[Material for the task]

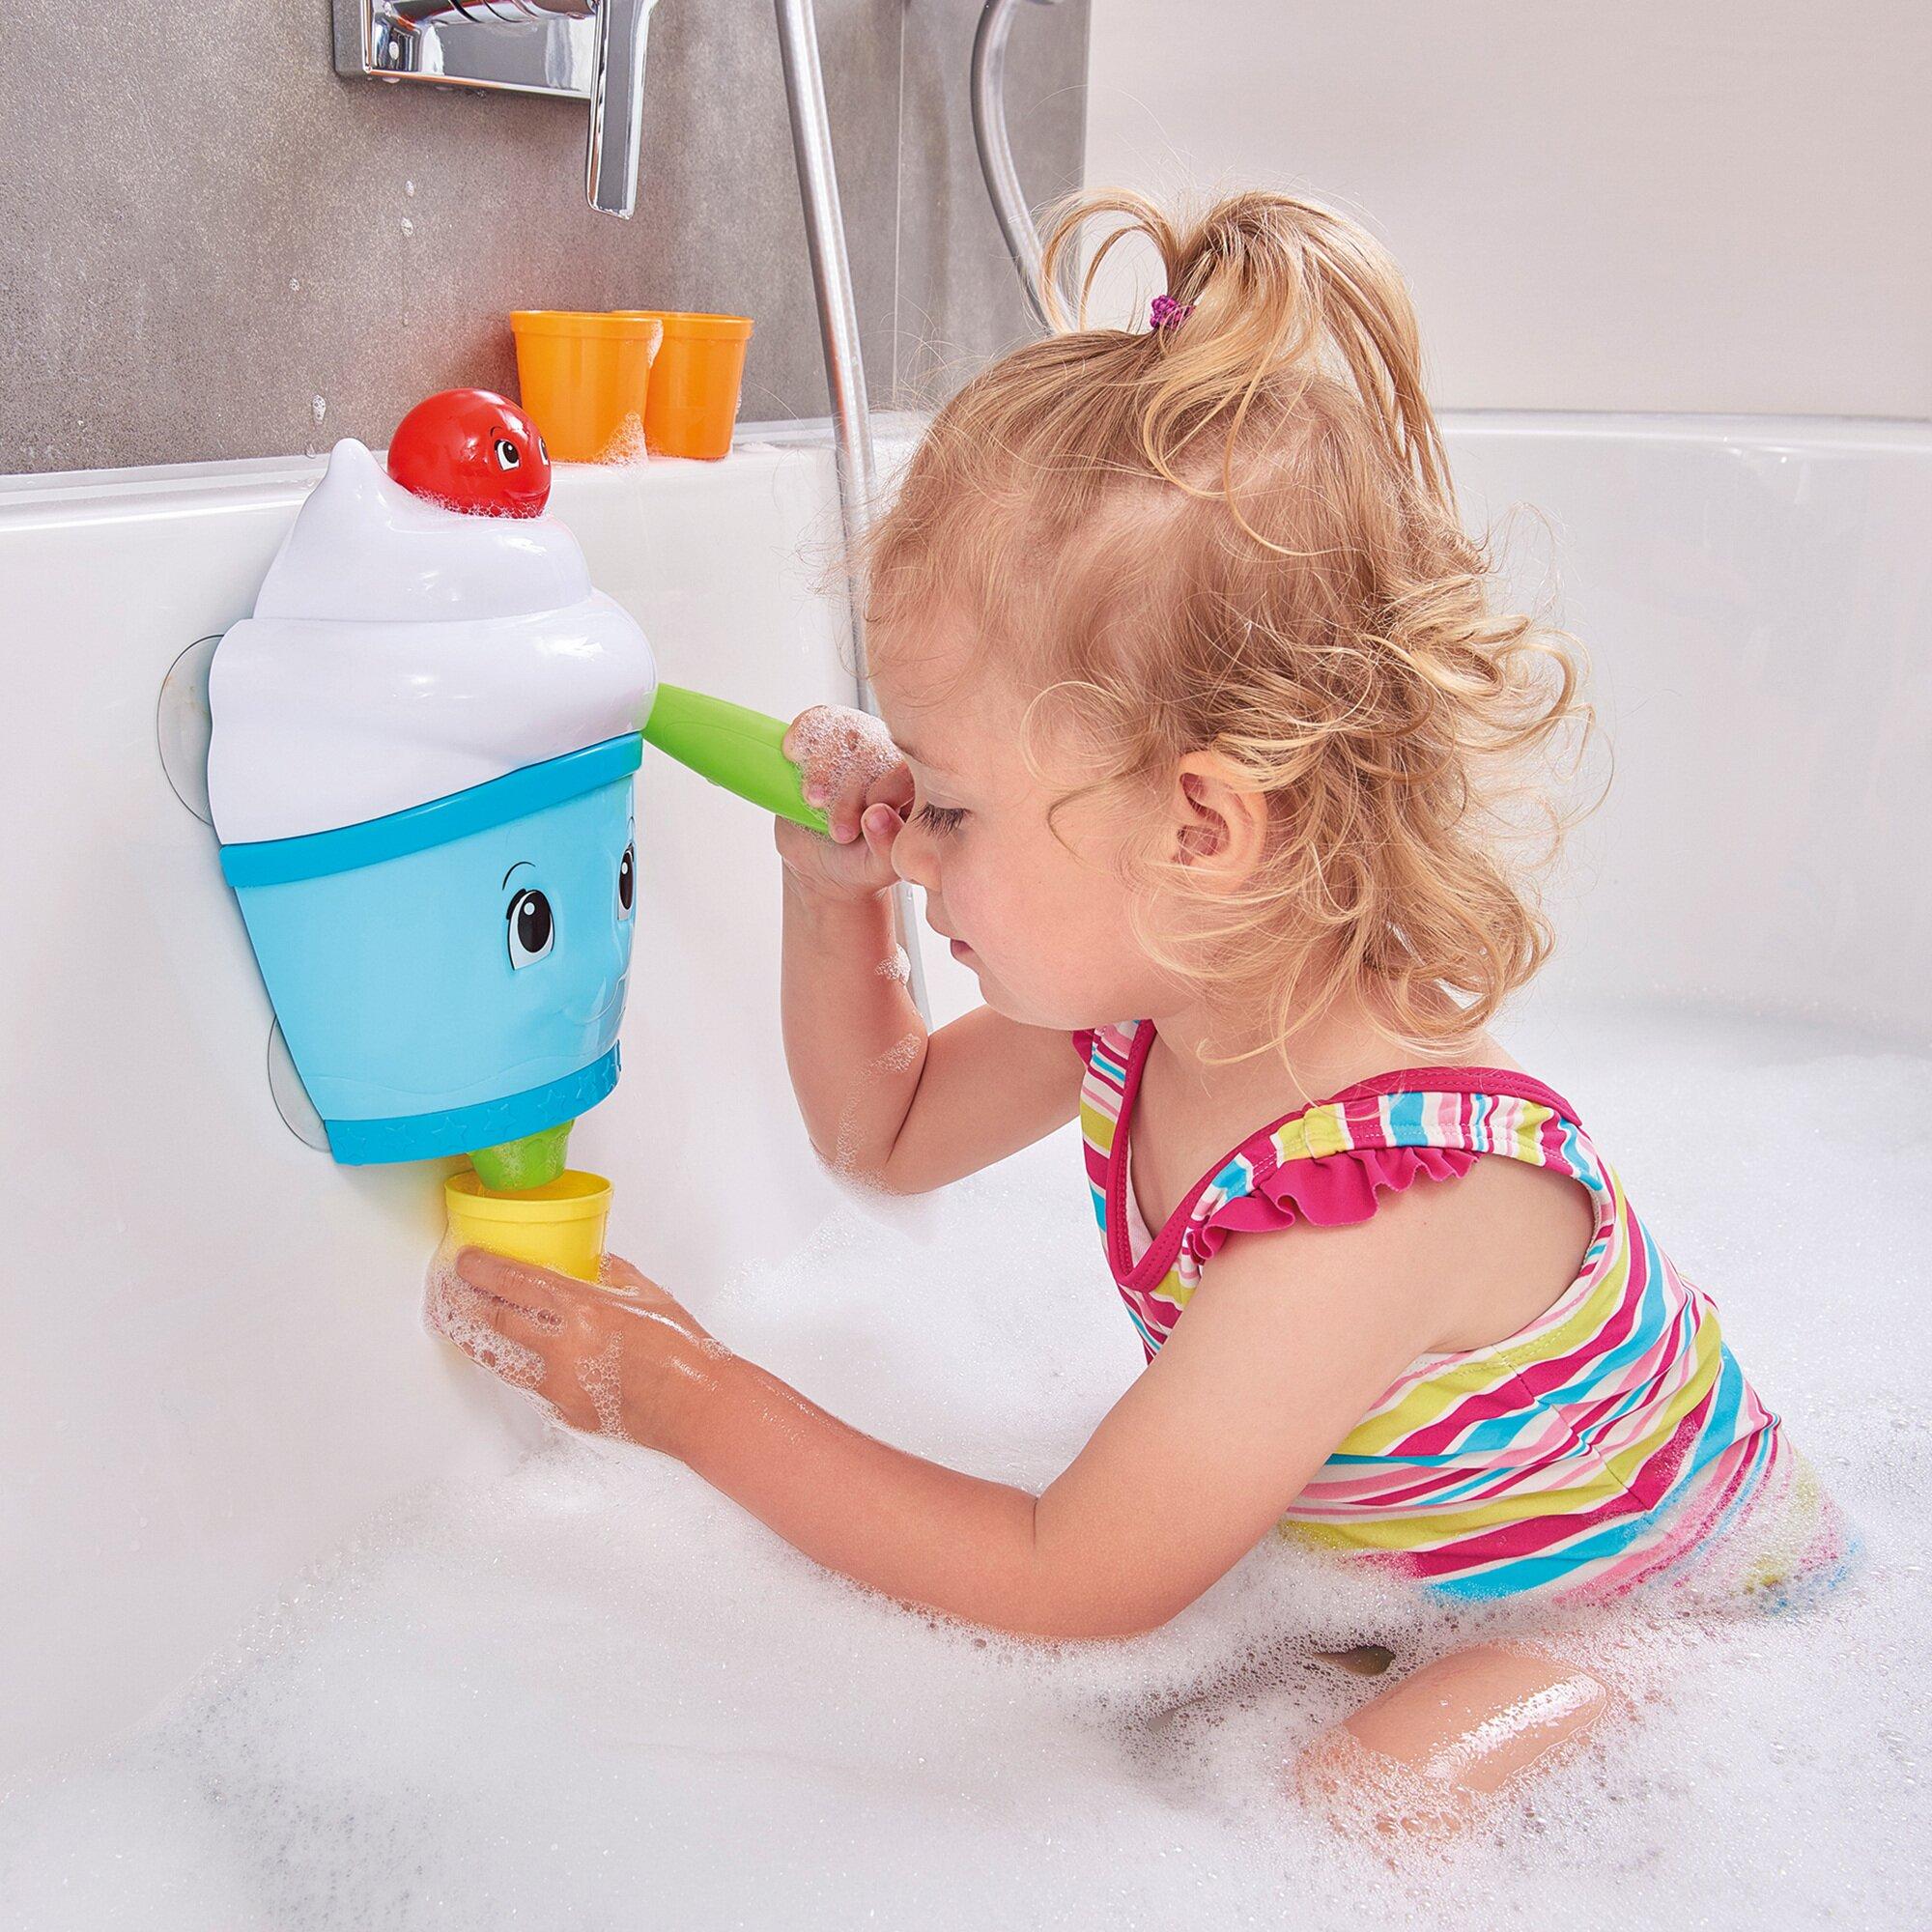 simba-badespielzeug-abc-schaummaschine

[/Material for the task]
[Material for the task]

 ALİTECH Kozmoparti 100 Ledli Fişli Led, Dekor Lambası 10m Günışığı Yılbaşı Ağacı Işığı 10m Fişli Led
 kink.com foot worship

[/Material for the task]
[Material for the task]

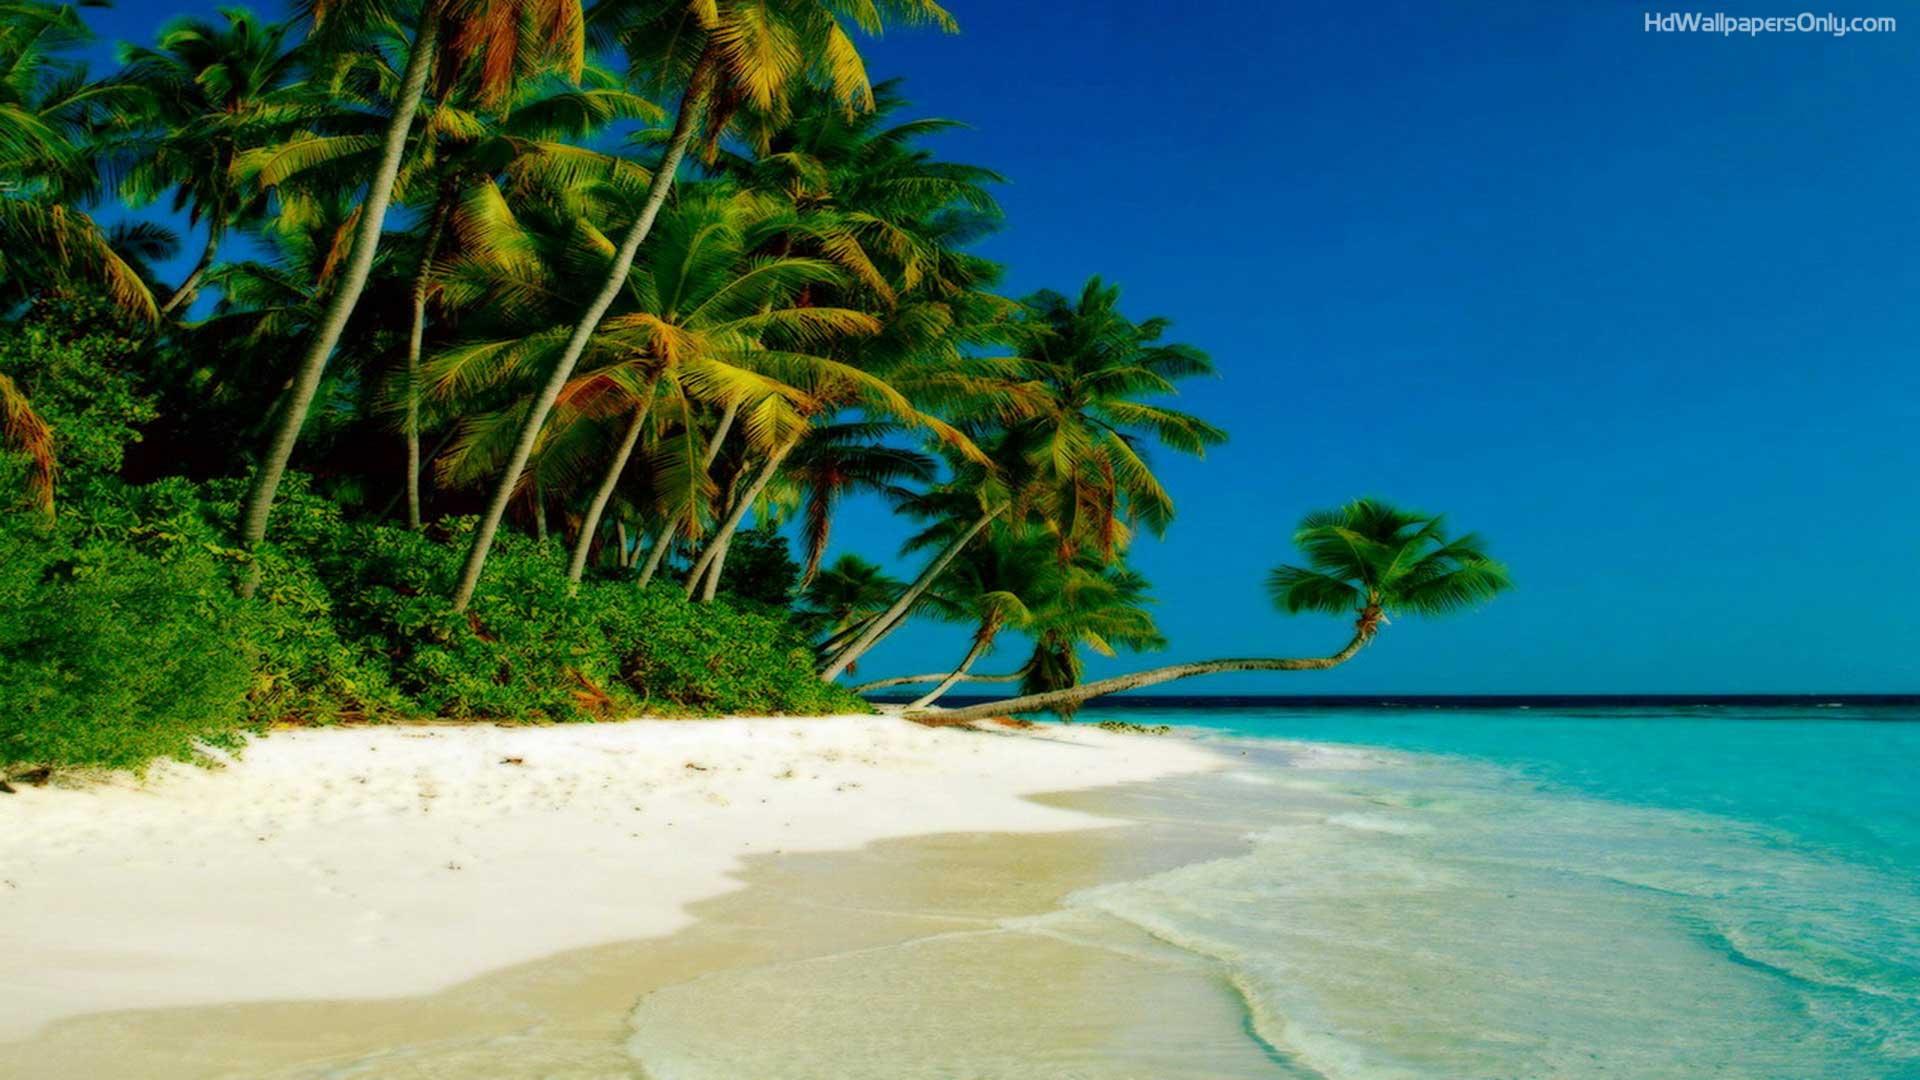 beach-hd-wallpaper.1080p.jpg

[/Material for the task]

**Goal of the exercise:** Could you set down, exactly as written, the lines above between the one holding "ALİTECH Kozmoparti 100" and the one holding "kink.com foot worship", inclusive, and nothing more?

**Response:**
 ALİTECH Kozmoparti 100 Ledli Fişli Led, Dekor Lambası 10m Günışığı Yılbaşı Ağacı Işığı 10m Fişli Led
 kink.com foot worship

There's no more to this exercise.